From a data MCP to an estimate — the last mile¶

sp.from_worldbank / sp.from_fred / sp.from_sdmx reshape what a data MCP already fetched into a tidy frame sp.detect_design → sp.recommend → sp.cross_validate can use.

The 2026 workflow¶

The modern empirical loop is data MCP → estimator. An agent pulls a series from an official data server — the World Bank data360 MCP, fred-mcp-server, the OECD / Eurostat SDMX MCPs — and then has to estimate something. StatsPAI deliberately does not re-implement those connectors: they are official, maintained, and excellent. StatsPAI's job is to be their best consumer.

The friction is shape. Each source returns its own JSON dialect — World Bank's [metadata, rows], FRED's {"observations": [...]}, the deeply nested index-encoded SDMX-JSON of OECD/Eurostat. The ingestion helpers absorb that and hand you a tidy long (or wide) panel.

These functions never touch the network — you pass them a payload the data MCP already returned, so they are deterministic and offline-testable.

World Bank¶

import statspai as sp

# `payload` is whatever the World Bank MCP / REST returned.
panel = sp.from_worldbank(payload)            # tidy long: country, iso3,
                                              #   indicator, indicator_id,
                                              #   year, value
reg_frame = sp.from_worldbank(payload, wide=True)   # one column per indicator,
                                                     #   one row per (iso3, year)

wide=True is the form you want for a cross-country panel regression: pull several indicators, get one column each, indexed by (iso3, year).

FRED¶

# Single series:
ts = sp.from_fred(observations, series_id="cpi")        # date, cpi

# Several series merged on date in one call:
macro = sp.from_fred({"CPI": cpi_obs, "UNRATE": unrate_obs})   # date, CPI, UNRATE

FRED's "." missing-value sentinel becomes NaN; dates are parsed to datetime64 and the frame is sorted.

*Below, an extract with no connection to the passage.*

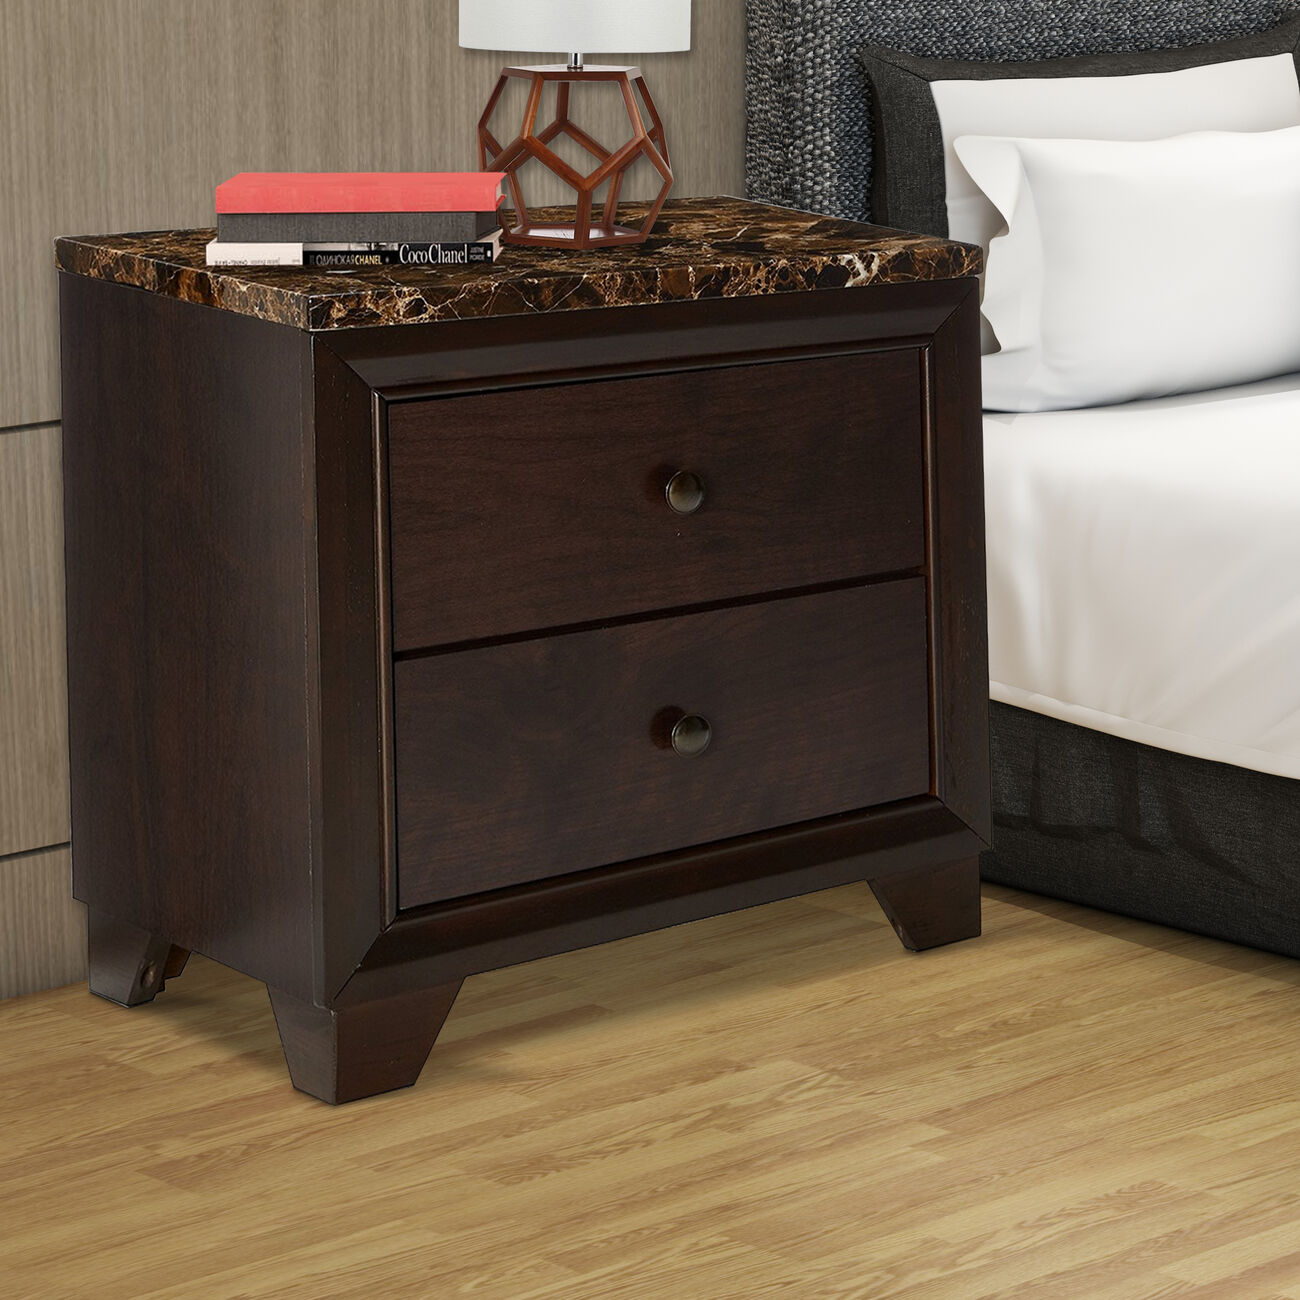 2 Drawer Wooden Nightstand with Faux Marble Top, Cappuccino Brown

OECD / Eurostat (SDMX-JSON)¶

# SDMX encodes each cell by integer indices into per-dimension code lists;
# from_sdmx expands them back to readable dimension columns.
df = sp.from_sdmx(payload)     # e.g. LOCATION, SUBJECT, TIME_PERIOD, value

End-to-end recipe¶

A conversational session ties the whole chain together — no browser, no manual reshaping:

import statspai as sp

# 1. (the agent calls the World Bank MCP and gets `payload`)
panel = sp.from_worldbank(payload, wide=True)

# 2. Let StatsPAI read the shape and suggest an estimator.
design = sp.detect_design(panel)
rec = sp.recommend(panel, y="life_expectancy", design=design.design)

# 3. Fit — and cross-validate the headline number across engines (see the
#    cross-engine validation guide).
cv = sp.cross_validate(
    panel, "feols",
    formula="life_expectancy ~ gdp_pc | iso3 + year", treatment="gdp_pc",
    engines=["statspai", "pyfixest", "R::fixest"],
)
print(cv.verdict)

That is the picture the econometrics community has been sketching for 2026 — "OECD MCP pulls the data, Jupyter MCP runs the code, you never open a browser" — with StatsPAI supplying the estimation-and-validation half of the loop.

Provenance¶

Every ingested frame stamps df.attrs["source"] ("worldbank" / "fred" / "sdmx") so downstream tooling and your own audit trail know where the numbers came from. It also stamps df.attrs["provenance"], a deterministic dictionary that records the normalizer, payload kind, output shape, row count, columns and source-specific labels such as World Bank indicator ids, FRED series ids, or SDMX dimensions.

sp.cross_validate preserves that metadata under cv.provenance["data"]. In an MCP run that loads a CSV/Parquet/Stata file via data_path, the MCP response also includes a top-level data_provenance record with the local file hash or a sanitized remote URL.

Scope, on purpose¶

These are normalisers, not connectors. They will not fetch data, cache it, or manage API keys — that is the data MCPs' job, and duplicating it would only rot. If you need live fetching, call the relevant data MCP (or wbgapi / fredapi / pandasdmx) and pass the result here.